Your assignment ▸ Make an exact copy, from the records below, of the lines from the line containing "ZTE Blade A6" to the line containing "biota urban food mainb banner", both lines included, excluding pictures.

Records for processing ▸
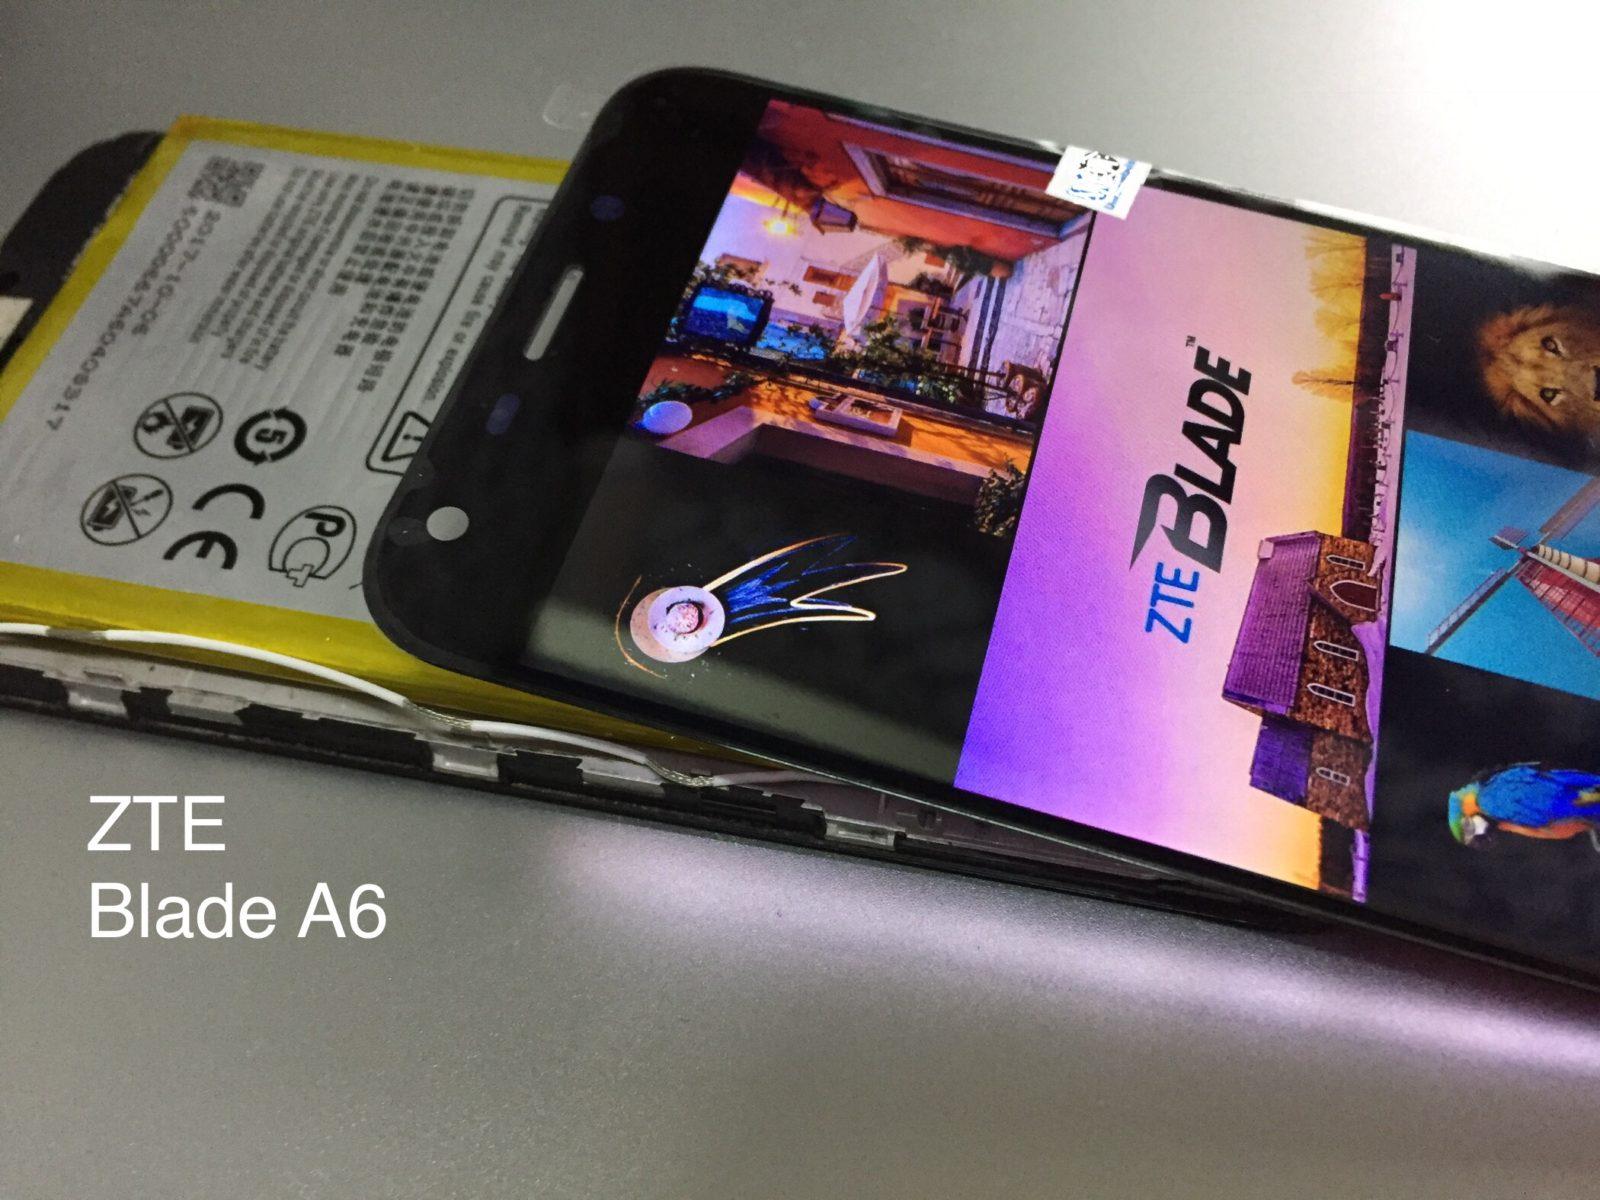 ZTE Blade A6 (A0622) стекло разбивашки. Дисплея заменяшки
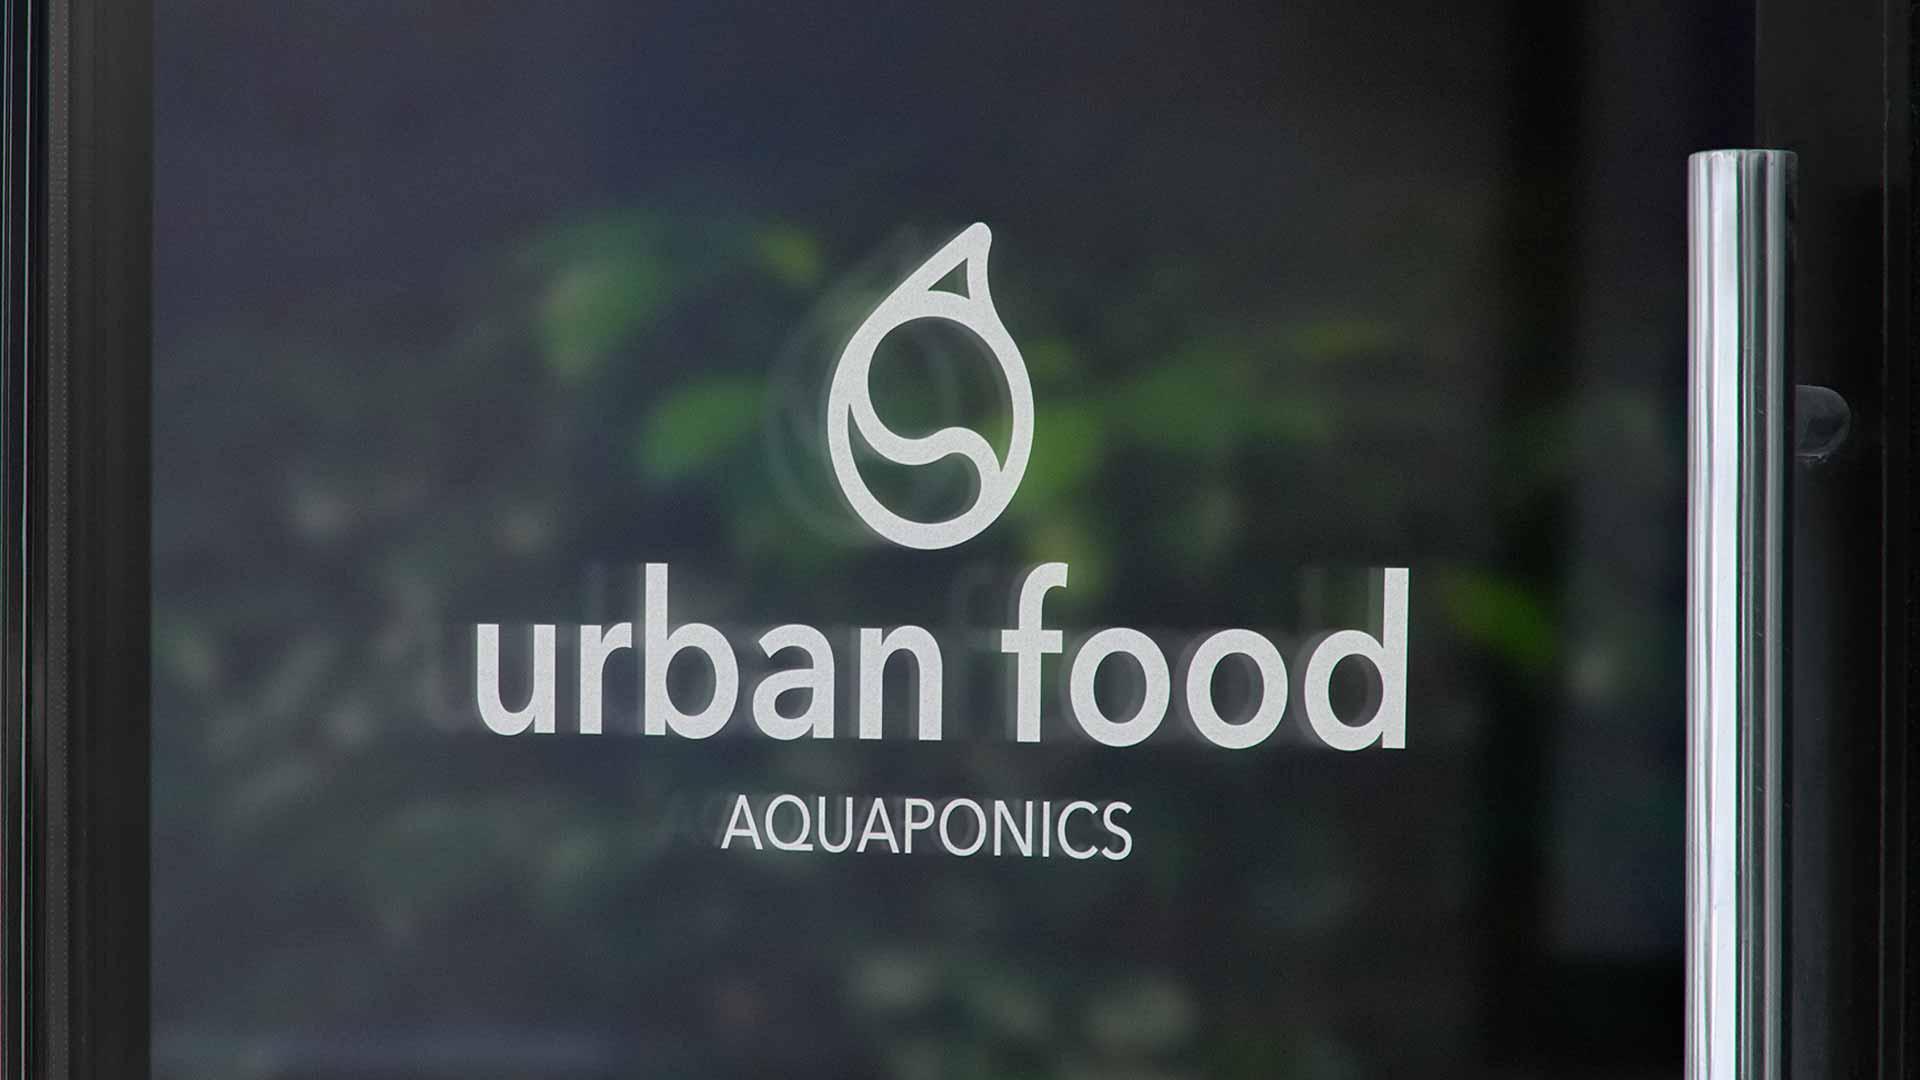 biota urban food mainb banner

...

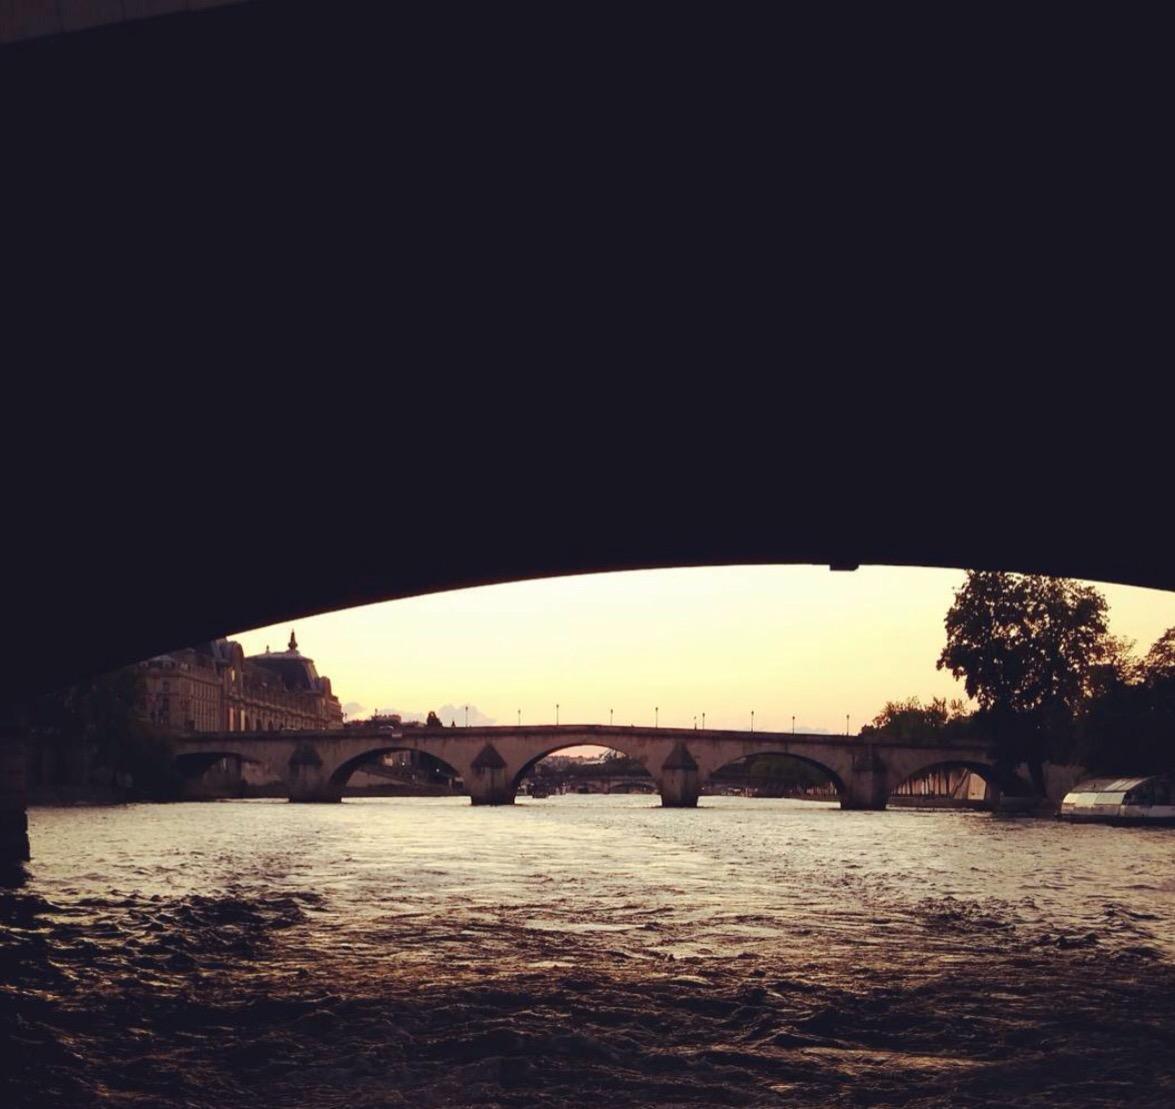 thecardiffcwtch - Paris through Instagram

==

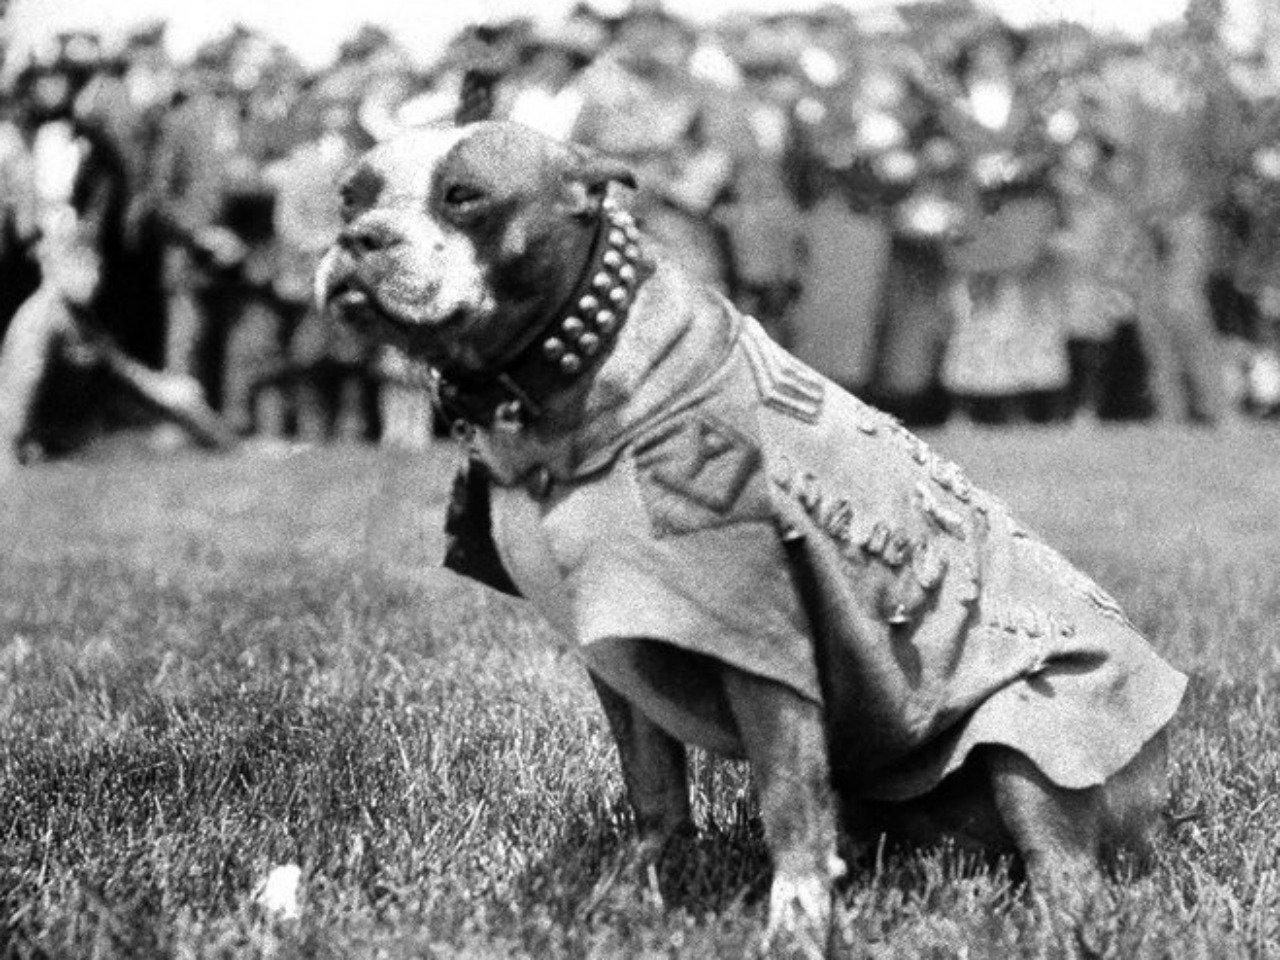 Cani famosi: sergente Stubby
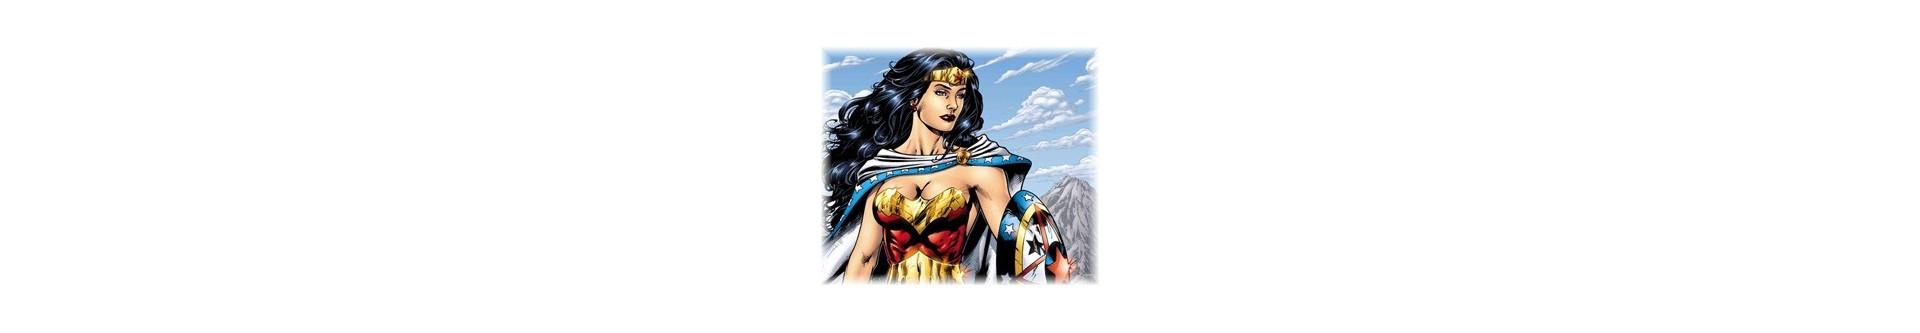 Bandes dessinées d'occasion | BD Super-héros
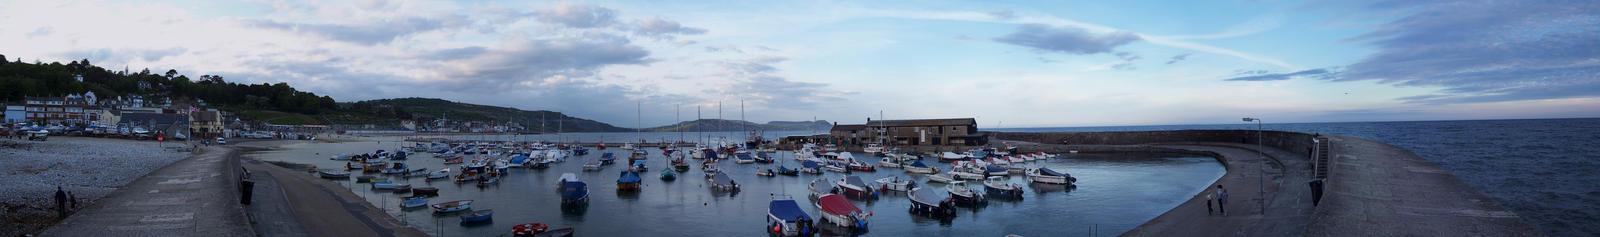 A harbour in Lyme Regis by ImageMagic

Your response ▸
 ZTE Blade A6 (A0622) стекло разбивашки. Дисплея заменяшки
 biota urban food mainb banner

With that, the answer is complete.